It is important to choose a mediator with experience in the area of the issues in dispute and having regard to the personalities’ involved. While some believe that any experienced mediator can mediate an estate dispute, regardless of training and experience, it is important to consider the complexity of the estate litigation matter and the type of assets and interests involved. Estate litigation is a unique area of law with unique considerations.
The types of issues mediated in the area of estates include: Will, estate and trust challenges; dependant support claims; family law act elections, passing of account applications by fiduciaries’ including, attorneys, guardians, trustees and estate trustees; power of attorney litigation; trust rectification/variation/interpretation applications, guardianships for property or for personal care; elder law issues including elder abuse; capacity proceedings; end-of-life disputes, fiduciary litigation; and tax considerations and consequences arising in estates and trusts.
Complex estate disputes often involve family businesses, corporate structures, estate freezes, shareholder agreements, property and corporate valuations, co-ownership to list but a few. Often the estate dispute will touch on more than one of these issues. Therefore, it is important to choose a mediator who understands and is knowledgeable about the area of law which predominates the subject matter of the proceeding and which also reflects the dollar value attributed to the matter.
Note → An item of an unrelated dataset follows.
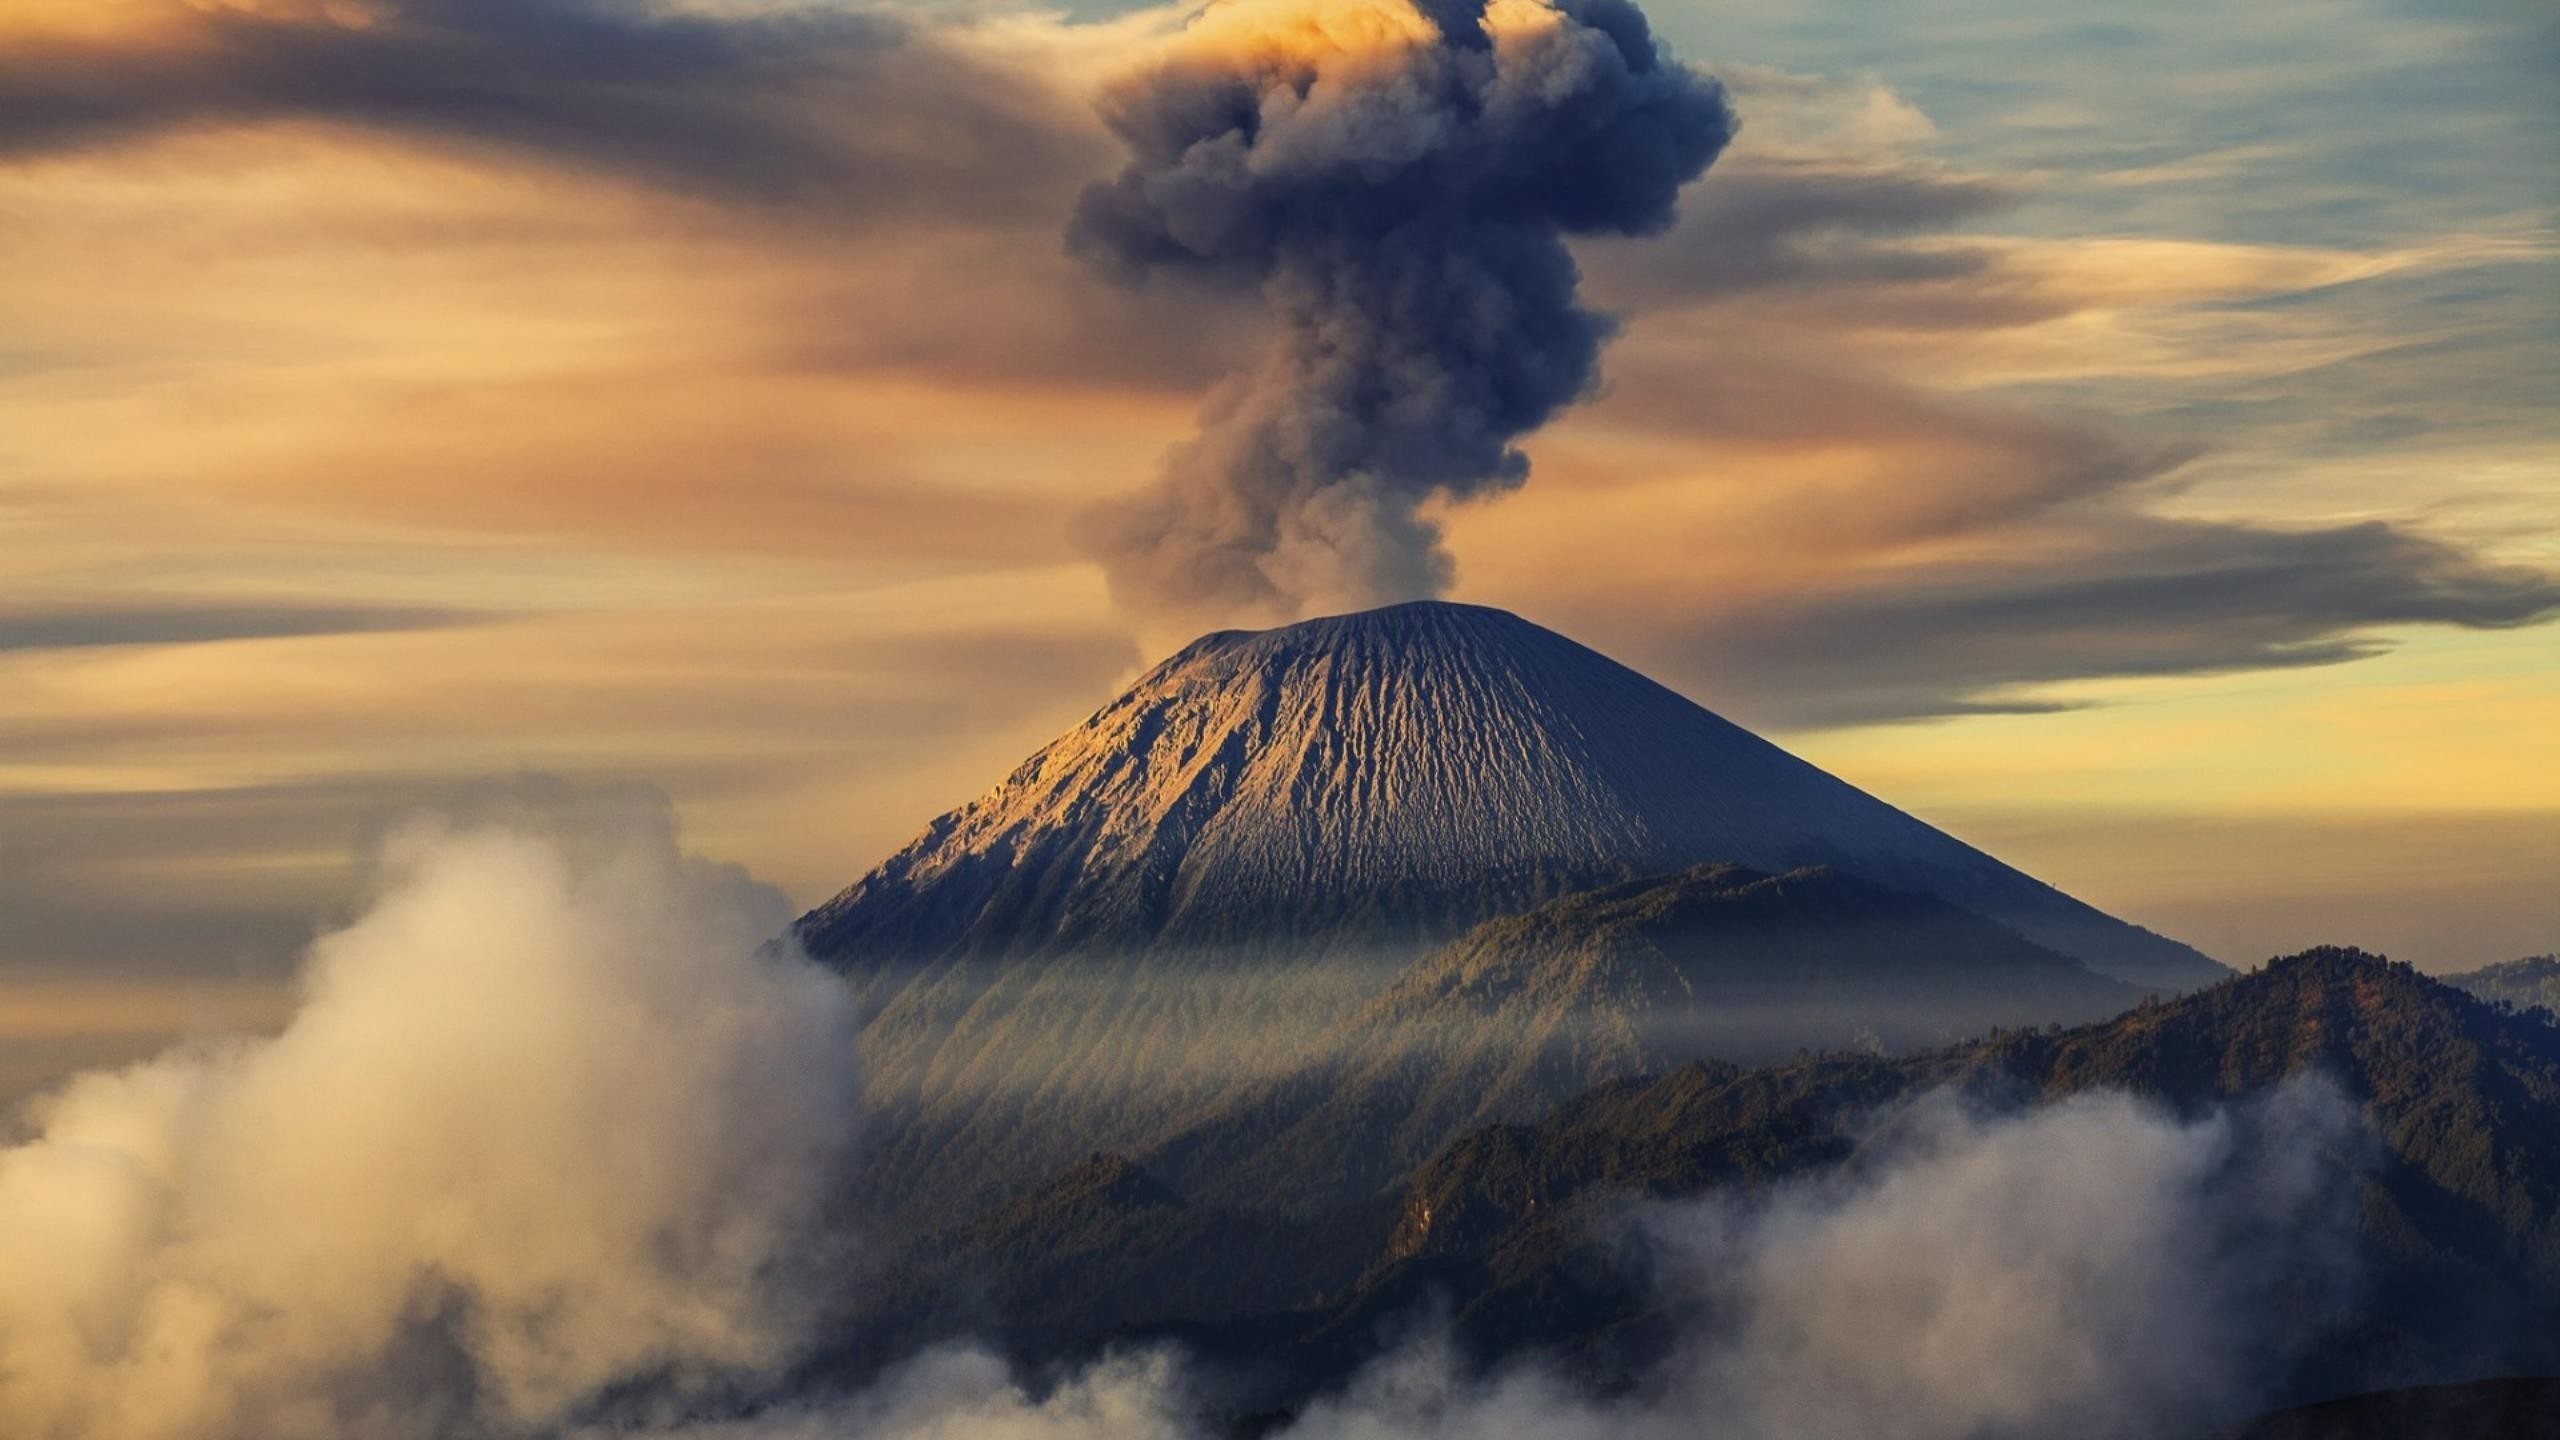 Volcano HD Background Wallpaper 09753

Choosing a mediator who is a specialist in estates and trust litigation often aids in getting the parties to a mutually agreeable resolution of the issues.
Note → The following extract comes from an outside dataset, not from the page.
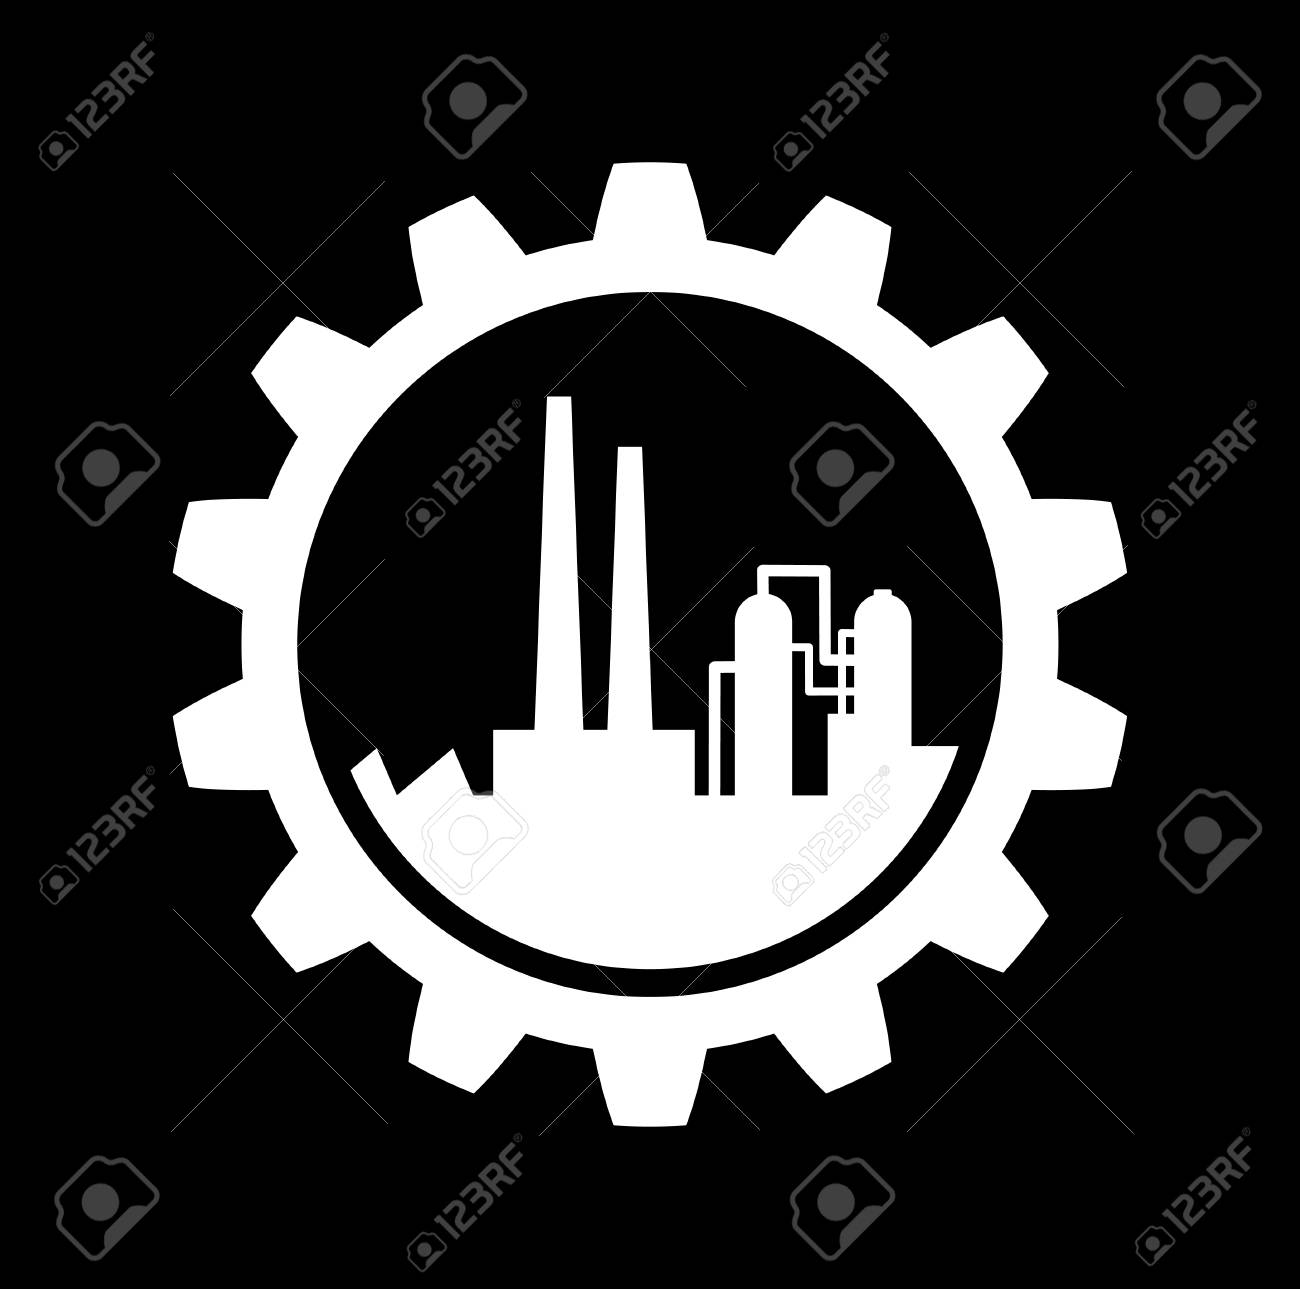 Industrial icon Stock Vector - 22786040

Choice of the mediator may include, lawyers, retired judges, social workers, elder law experts or other professionals.
Lawyers as Mediators and the Rules of Professional Conduct
If a lawyer acts as a mediator in Ontario, Rule 5.7 of the Rules of Professional Conduct sets outs specific obligations by which that lawyer must abide. Rule 5.7-1 states:
A lawyer who acts as a mediator shall, at the outset of the mediation, ensure that the parties to it understand fully that:
(a) the lawyer is not acting as a lawyer for either party but, as mediator, is acting to assist the parties to resolve the matters in issue; and
(b) although communications pertaining to and arising out of the mediation process may be covered by some other common law privilege, the communication will not be covered by the solicitor-client privilege.
The commentary to this Rule reminds lawyers that in acting as a mediator, generally a lawyer should not give legal advice to the parties during the mediation process. This does not preclude the mediator from giving legal information on the consequences if the mediation fails. Further, neither the lawyer-mediator nor a partner or associate of the lawyer-mediator should render legal representation or give legal advice to either party to the mediation, bearing in mind the provisions of the rules in Section 3.4 of the Rules of Professional Conduct that deal with “Conflicts” and its commentaries and the common law authorities.
This paper is intended for the purposes of providing information only and is to be used only for the purposes of guidance. This paper is not intended to be relied upon as the giving of legal advice and does not purport to be exhaustive.